Retronychia is a specific, often painful nail disorder where the nail plate grows backward, embedding itself into the proximal nail fold (the tissue at the very base of the nail). This condition is frequently triggered by acute or repetitive trauma, such as wearing tight footwear or engaging in activities that cause microtrauma to the toes. The backward growth causes chronic inflammation, and because the new nail cannot grow forward, it pushes the old nail up, leading to a characteristic layering of multiple nail plates. Because the symptoms can closely resemble a common infection, retronychia is often missed or misdiagnosed, complicating effective treatment.
Identifying Retronychia for Correct Diagnosis
Retronychia can be difficult to diagnose because its initial presentation is often confused with chronic paronychia, a common bacterial or fungal infection around the nail. A distinguishing sign of retronychia is the absence of purulent discharge (pus), which is typically present in a simple bacterial infection. Instead, the condition involves inflammation and swelling concentrated at the proximal nail fold, not the lateral edges of the nail. The affected nail may also show a yellowish discoloration (xanthonychia) and a noticeable thickening of the nail plate.
The most characteristic physical finding is the stacking of nail layers, where new nail plates grow underneath the old, impacted plates, leading to a thickened, layered appearance. In chronic cases, the cuticle may be absent. To confirm the diagnosis and rule out other causes, such as subungual tumors, advanced imaging like high-frequency ultrasound is sometimes necessary. Ultrasound can clearly reveal the presence of multiple overlapping nail plates and the decreased distance between the nail matrix and the bone, which are definitive signs of the condition.
Initial Conservative Treatment Approaches
For cases that are caught early, conservative, non-surgical approaches are the first line of treatment, aiming to reduce inflammation and allow the nail to resume normal growth. High-potency topical corticosteroids or anti-inflammatory medications, sometimes administered through intralesional injection directly into the proximal nail fold, are used to decrease the swelling and irritation. The goal of this localized therapy is to alleviate the pressure on the nail matrix and encourage the trapped nail plate to dislodge.
Physical manipulation techniques can also be beneficial in the early stages, including gentle massage of the toe in a distal-plantar direction or the use of adhesive taping to pull the soft tissue away from the nail. Clipping back the onycholytic (separated) portion of the nail plate can relieve some pressure. While these non-invasive methods carry a lower risk of side effects, they are only successful in about 41% of cases, and they are generally insufficient for advanced or recurrent retronychia.
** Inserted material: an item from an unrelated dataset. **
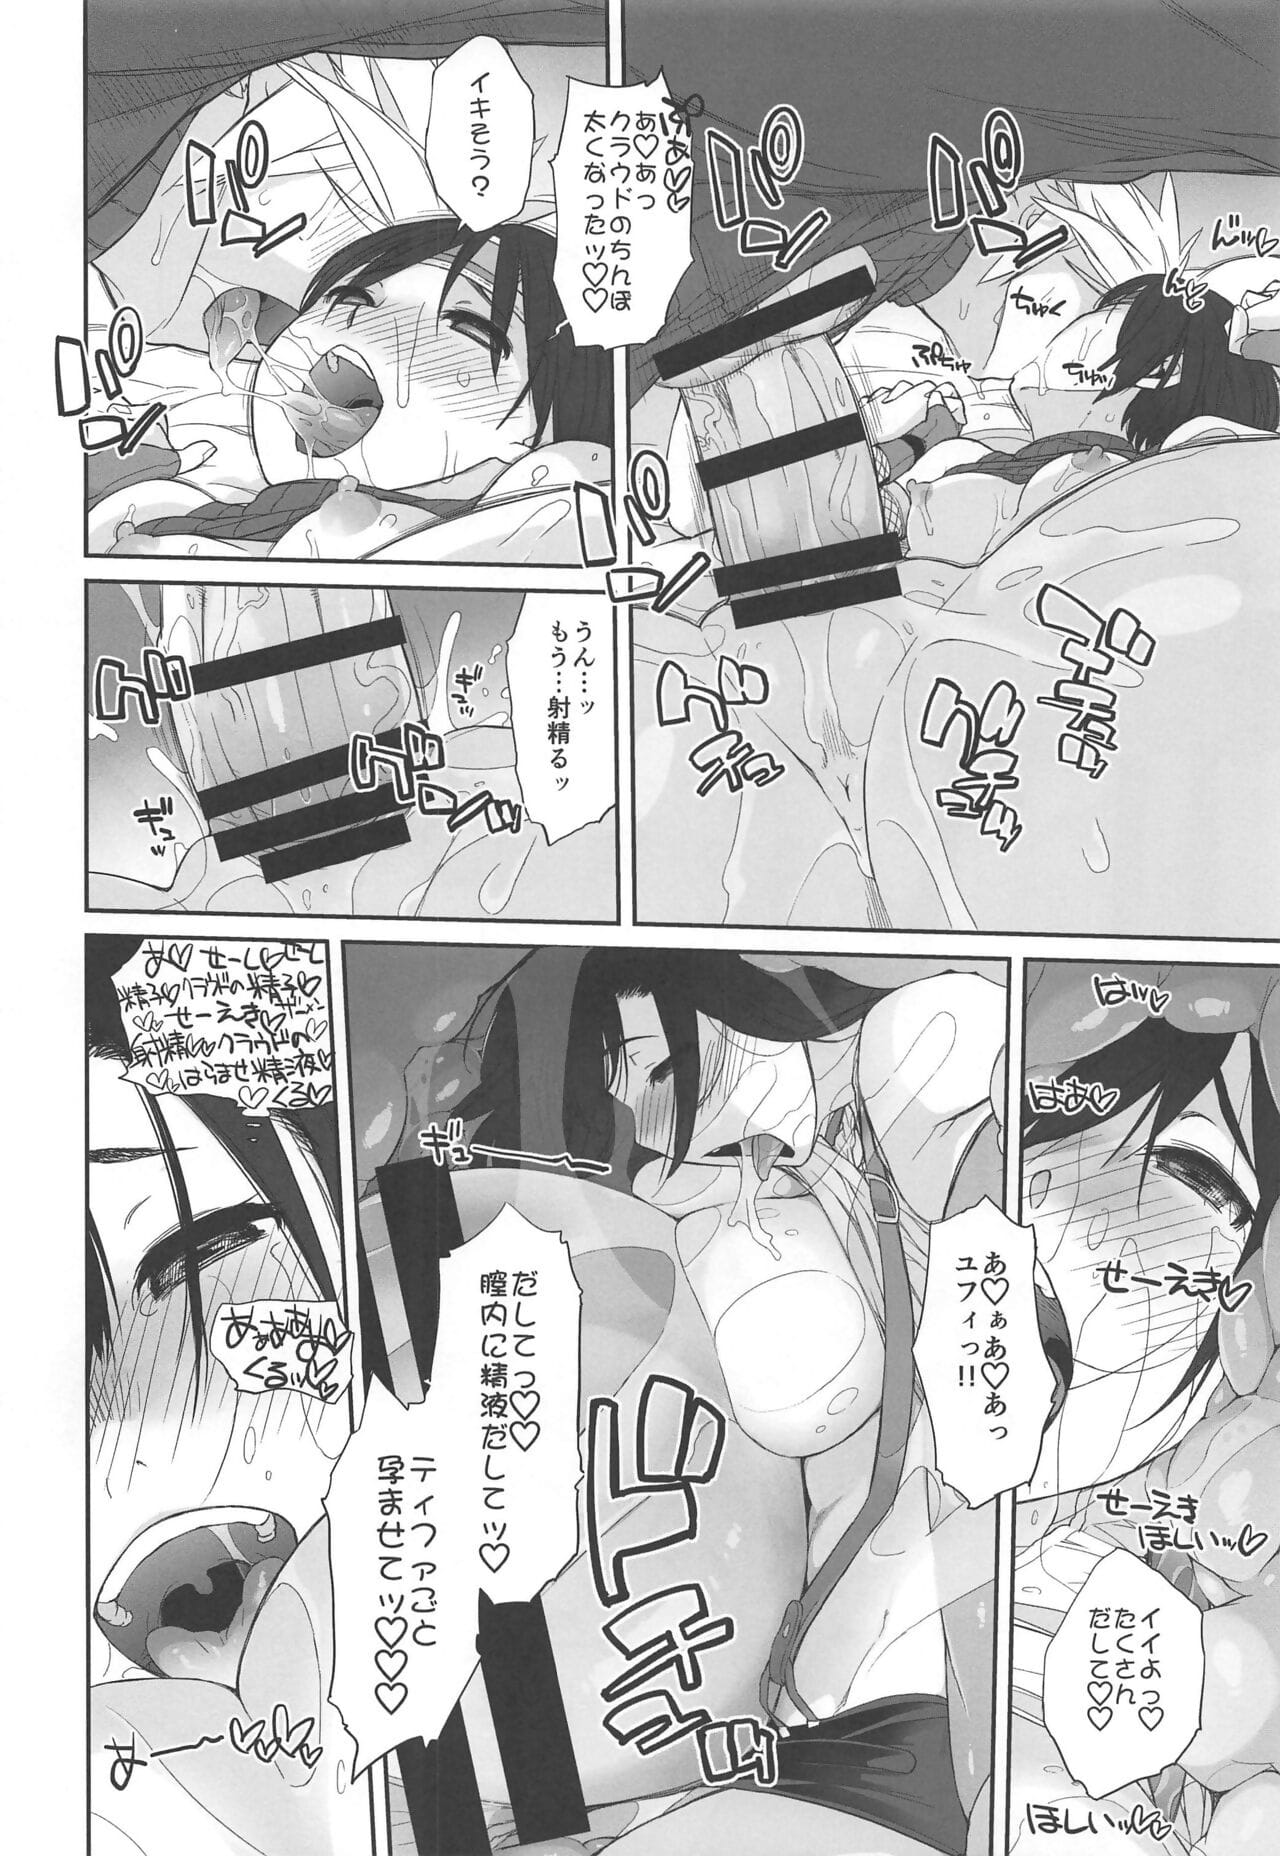 マテリア X 女の子 #2 tifa no 最小 daisakusen! page 1

Surgical Options for Permanent Resolution
When conservative treatments fail or the condition is advanced, surgical intervention is typically required for definitive resolution, with a success rate around 78%. The standard procedure is Proximal Nail Plate Avulsion, which involves surgically removing the embedded, thickened portion of the nail plate under local anesthesia. The surgeon carefully detaches the impacted nail from the proximal nail fold, revealing the multiple stacked layers that confirm the diagnosis.
This procedure is focused on removing the mechanical obstruction without damaging the nail matrix, which is responsible for growing the new nail. A tourniquet is applied to the toe to create a bloodless field, and the nail plate is lifted and removed from the proximal end. In rare, severe, or highly recurrent cases where the matrix is significantly damaged, a more extensive procedure like partial or total matricectomy might be considered to prevent future growth of the problematic nail. The immediate goal is to completely clear the proximal nail fold to allow for the healthy, forward regrowth of a single nail plate.
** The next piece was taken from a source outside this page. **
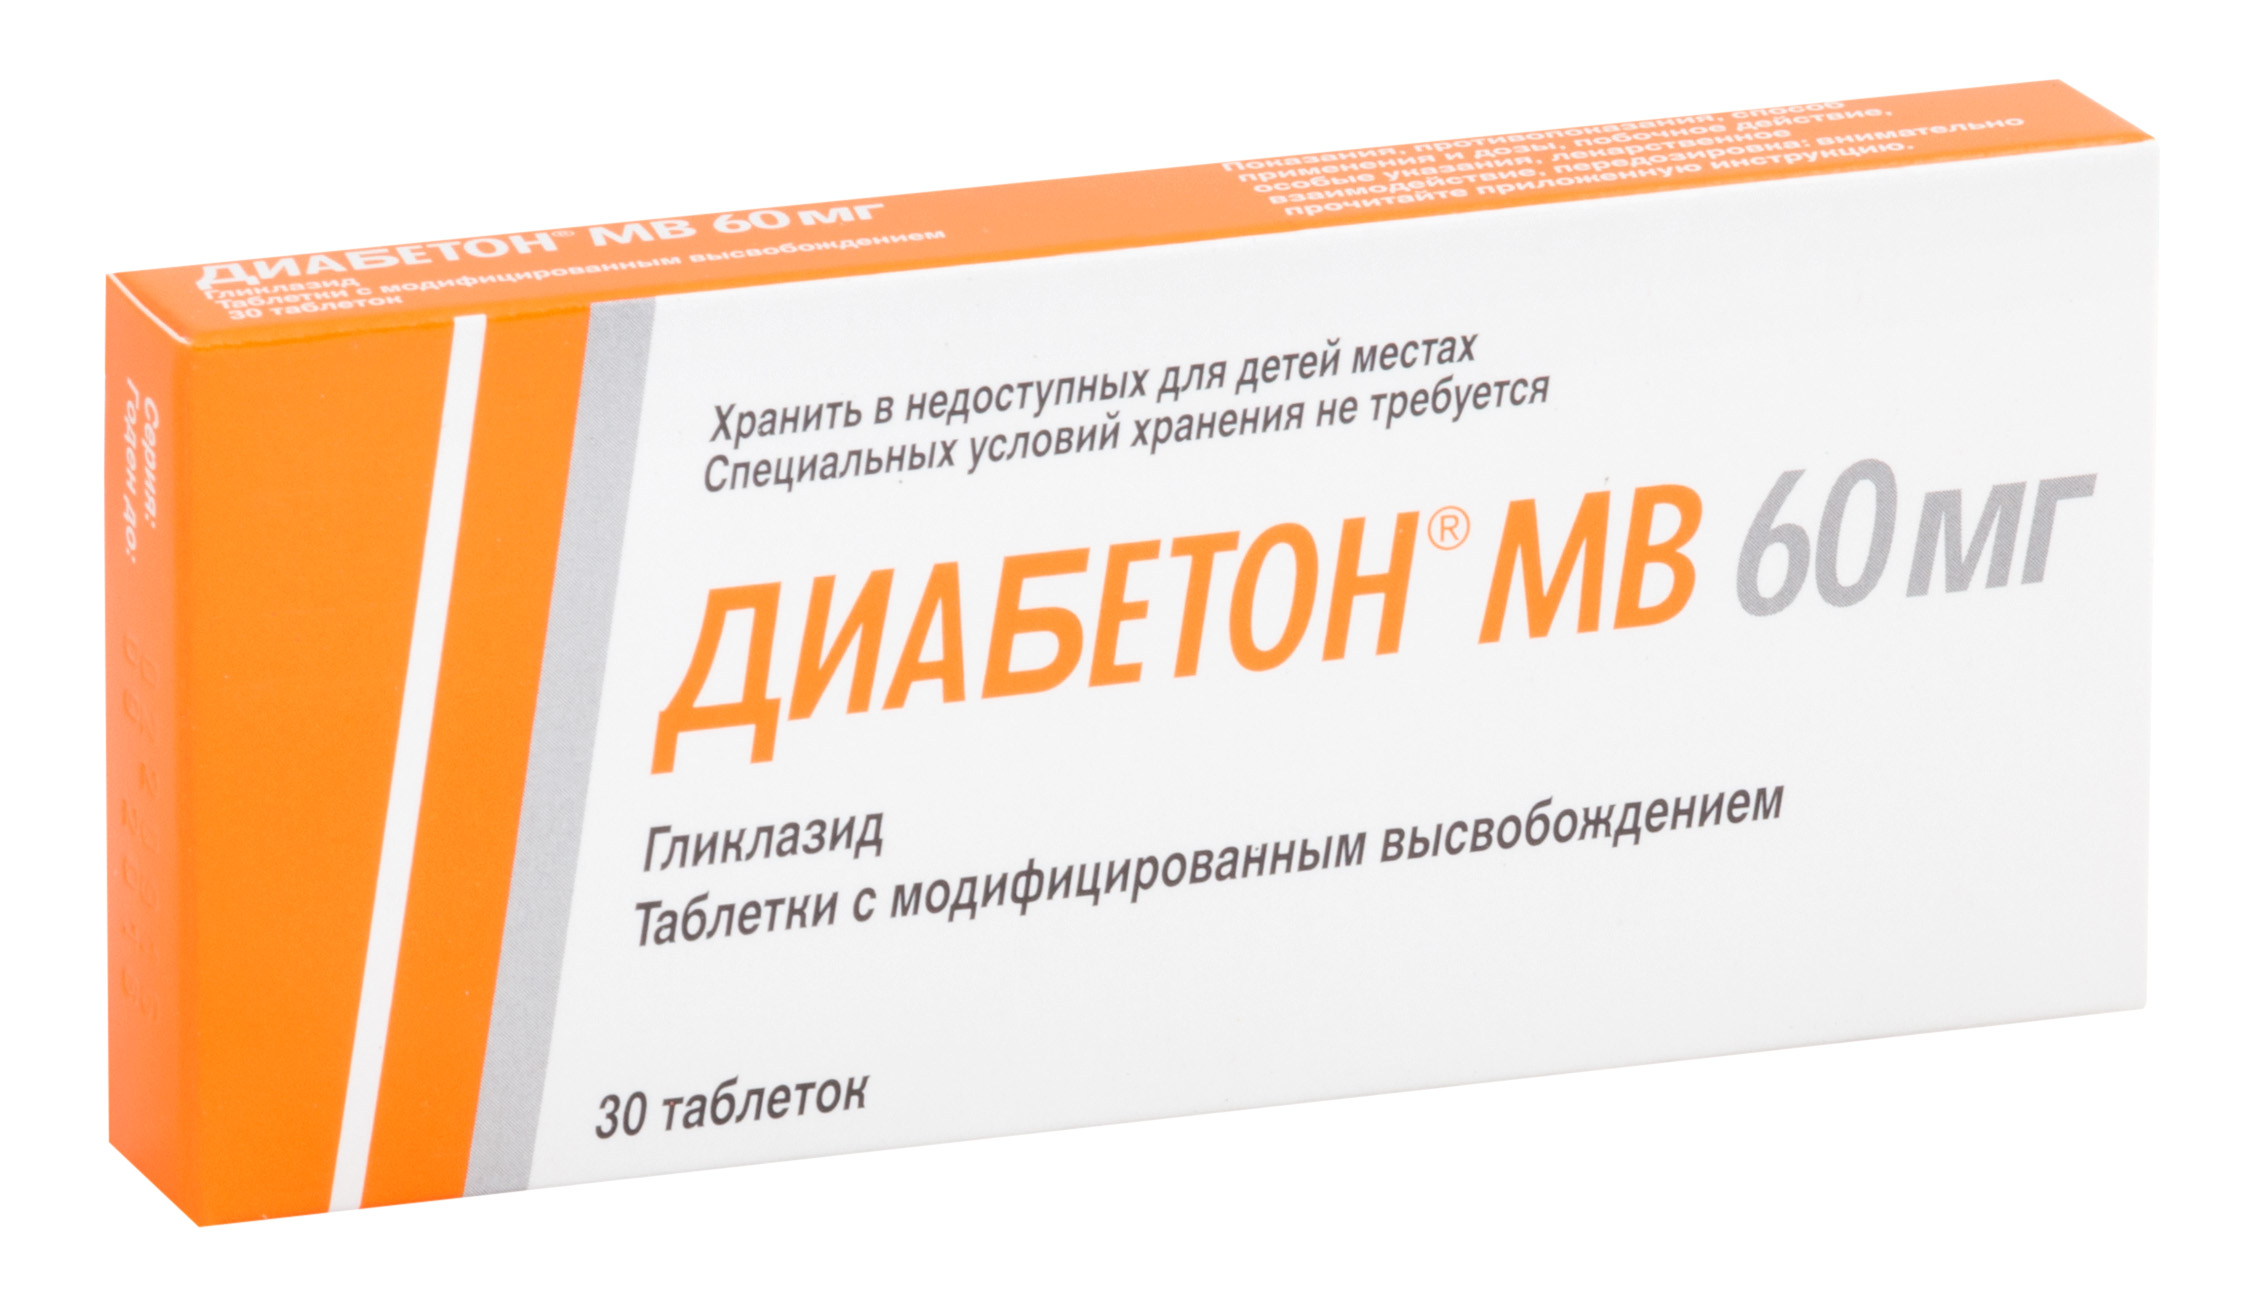 Купить Диабетон МВ таблетки 60 мг 30 шт., Servier

Post-Treatment Care and Follow-Up
Following surgical avulsion, meticulous post-treatment care is necessary to ensure optimal healing and minimize the risk of recurrence. The immediate recovery involves proper wound care, which includes keeping the exposed nail bed clean and dry and applying non-adherent dressings as instructed by the surgeon. Pain medication is typically prescribed to manage discomfort in the days immediately following the procedure. Monitoring the site for signs of infection, such as increased redness, swelling, or persistent pain, is an important part of the initial follow-up.
Long-term management focuses on prevention, as even after successful treatment, the condition can recur due to continued trauma. Patients should wear properly fitting, comfortable shoes that do not exert pressure on the toes, particularly the great toenails, which are most commonly affected. Avoiding activities that cause repetitive microtrauma is also recommended, along with ensuring the regrowing nail is trimmed straight across and not too short. Follow-up appointments are scheduled to monitor the healthy regrowth of the new nail, which can take up to a year.